Welles, Sumner, 1892–1961, American diplomat, b. New York City. Welles began his diplomatic career as secretary of the U.S. embassy at Tokyo (1915–17). Attached to the embassy at Buenos Aires (1917–19), he then served as assistant chief (1920–21) and chief (1921–22) of the division of Latin American affairs of the Dept. of State. As commissioner to the Dominican Republic in 1922, he helped prepare for the evacuation of American troops from that country; later he was sent to offer mediation in the Honduras revolution of 1924. He wrote a book on the Dominican Republic, Naboth's Vineyard (1928), and was an influential member of the Dawes financial mission to the Dominican Republic (1929).

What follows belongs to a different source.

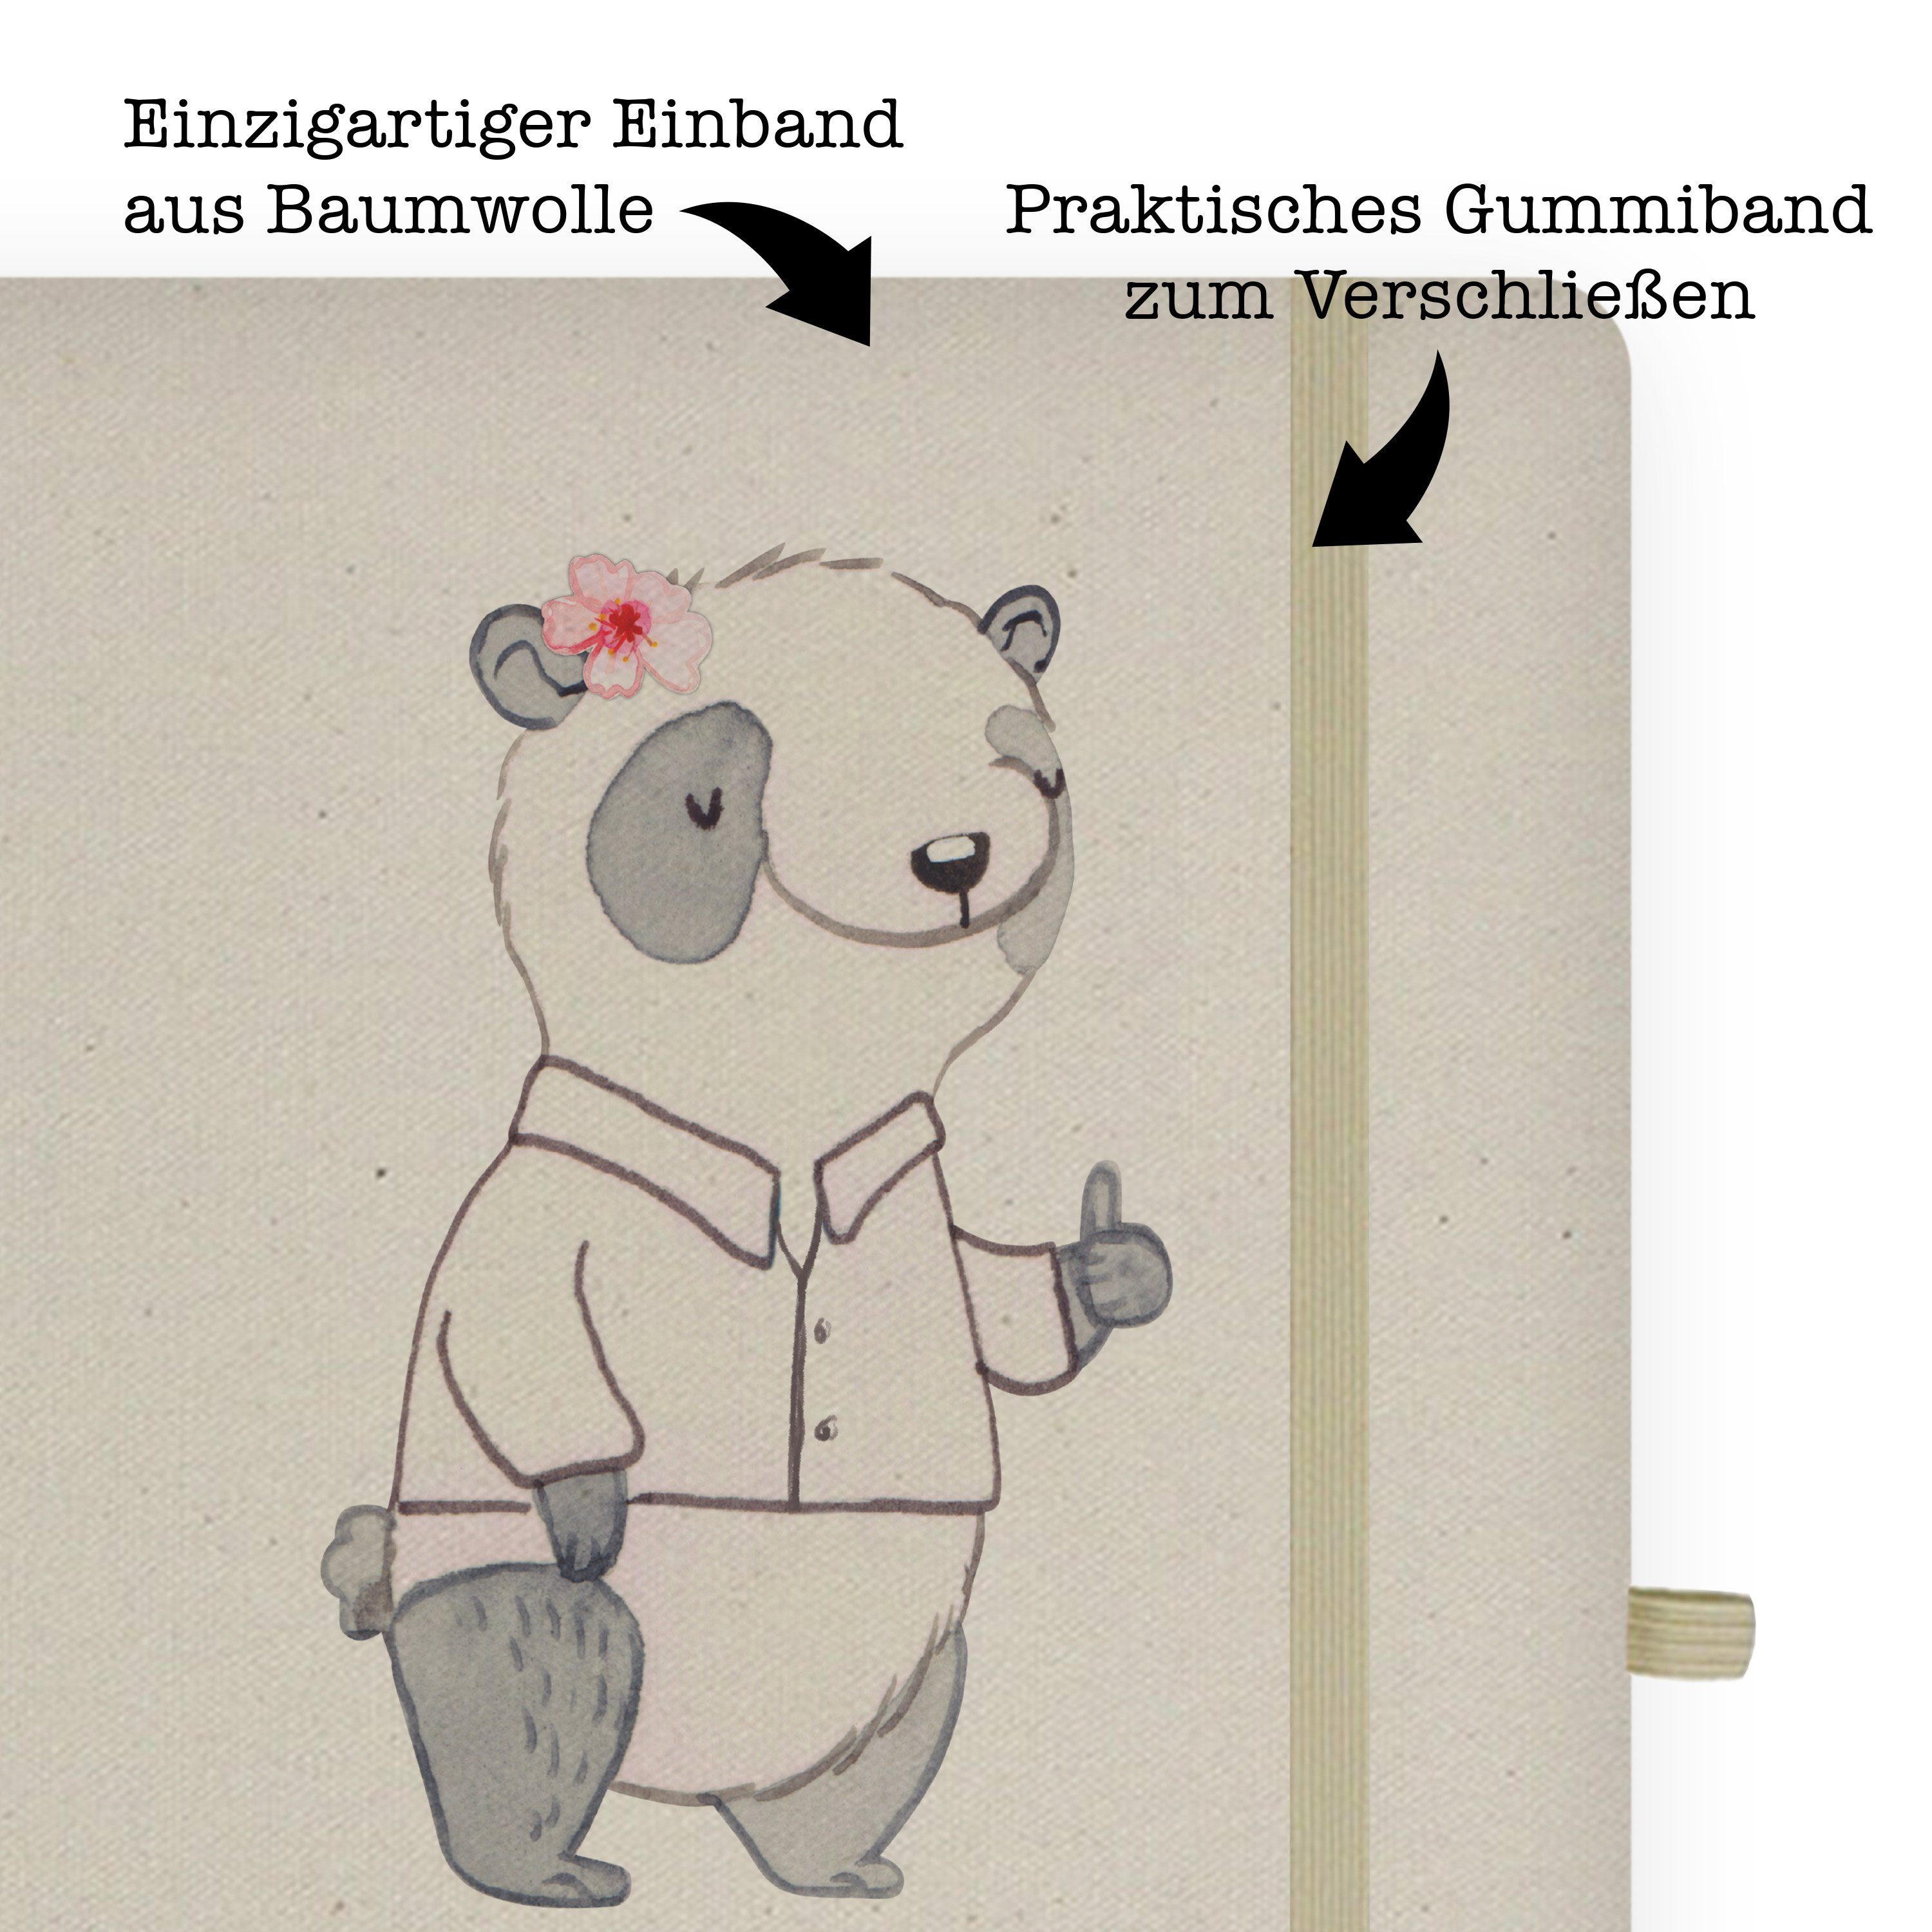 Adressbuch, Mr. & Intercultural Manager & Panda Geschenk, Transparent Mr. Mrs. mit Herz Mrs. - Panda - Notizbuch

President Franklin Delano Roosevelt appointed him assistant secretary of state in 1933 and in the same year sent him as ambassador to Cuba. There he was unable to bring about successful mediation between the opposing groups in the revolution against Gerardo Machado in 1933, and in the midst of political turmoil he was recalled and resumed his duties as assistant secretary of state. He later (1937–42) was undersecretary of state and served as U.S. delegate to several Pan-American conferences. In 1940 he went on a confidential fact-finding mission to Europe, and he took part in the meeting at sea between Roosevelt and Winston Churchill that produced the Atlantic Charter (1941). He resigned from public service in 1943. Some of his speeches were collected in The World of the Four Freedoms (1943); his other writings include The Time of Decision (1944), The Intelligent American's Guide to Peace (1945), Where Are We Heading? (1946), and Seven Decisions That Shaped History (1950).
See biography by his son B. Welles (1997).